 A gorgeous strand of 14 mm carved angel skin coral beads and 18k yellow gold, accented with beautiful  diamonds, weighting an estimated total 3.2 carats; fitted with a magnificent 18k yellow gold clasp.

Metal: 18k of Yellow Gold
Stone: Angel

---

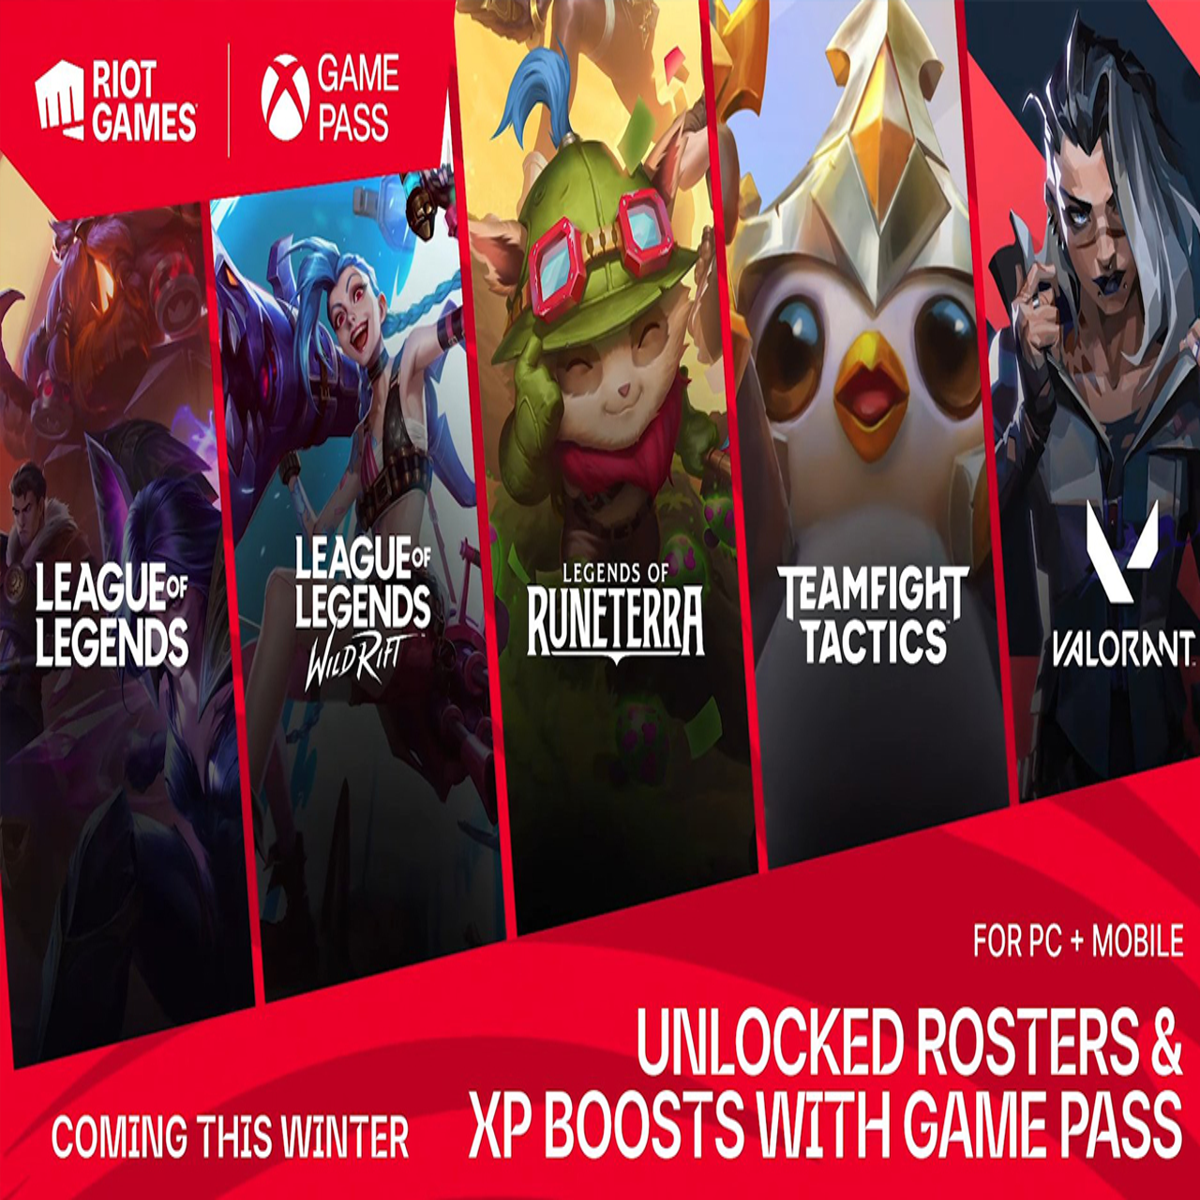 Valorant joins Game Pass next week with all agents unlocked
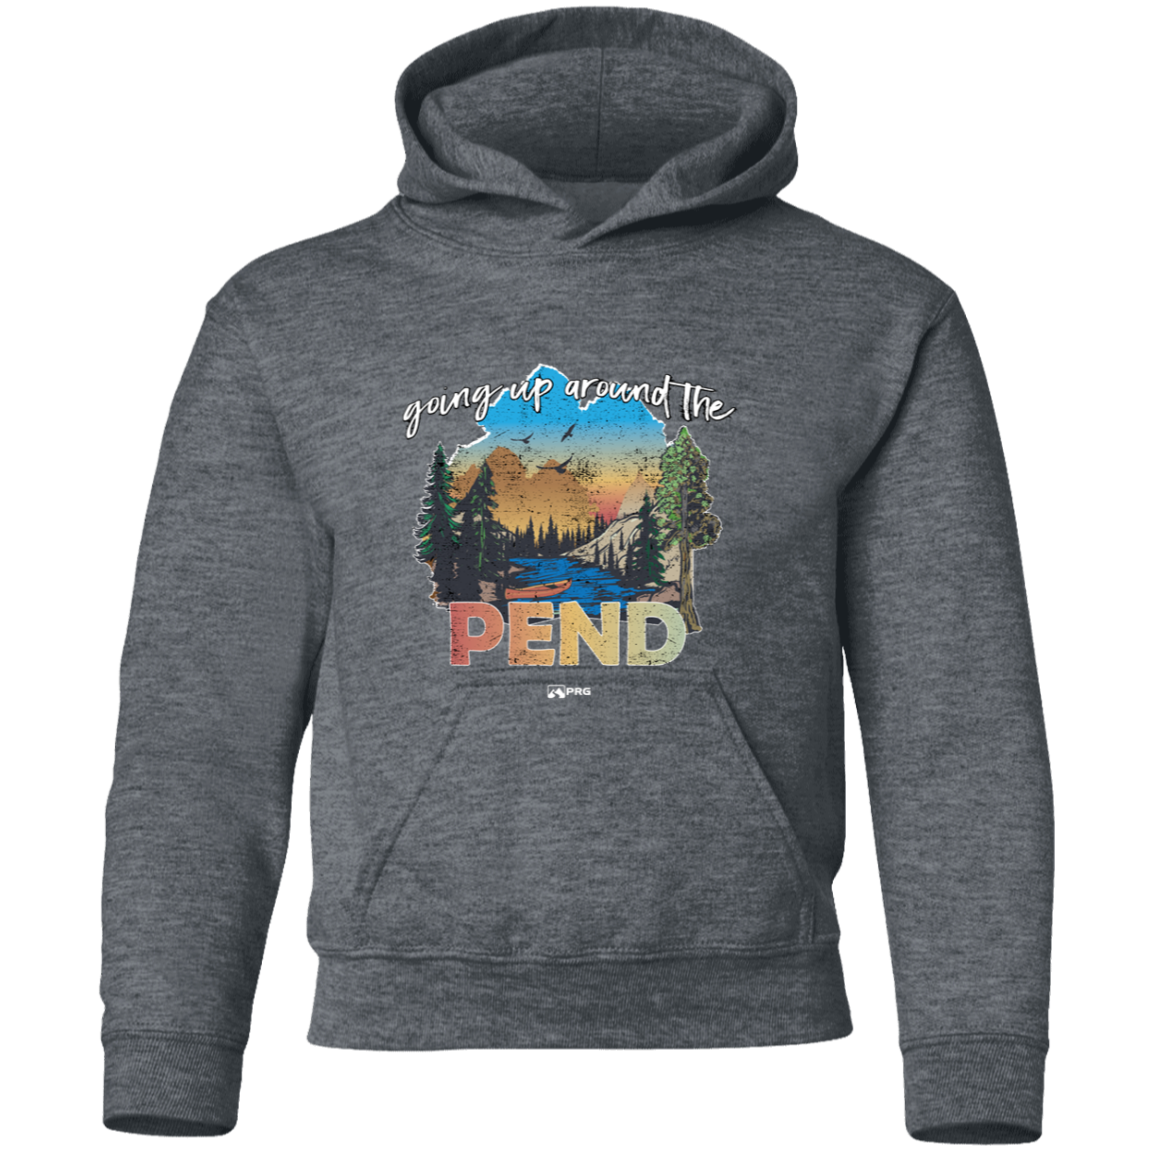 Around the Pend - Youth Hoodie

## What you should do:
Set down, exactly as they appear above, all lines from the one that has "A gorgeous strand" down to the one that has "Stone: Angel", including those two and no others.

## Task result:
 A gorgeous strand of 14 mm carved angel skin coral beads and 18k yellow gold, accented with beautiful  diamonds, weighting an estimated total 3.2 carats; fitted with a magnificent 18k yellow gold clasp.

Metal: 18k of Yellow Gold
Stone: Angel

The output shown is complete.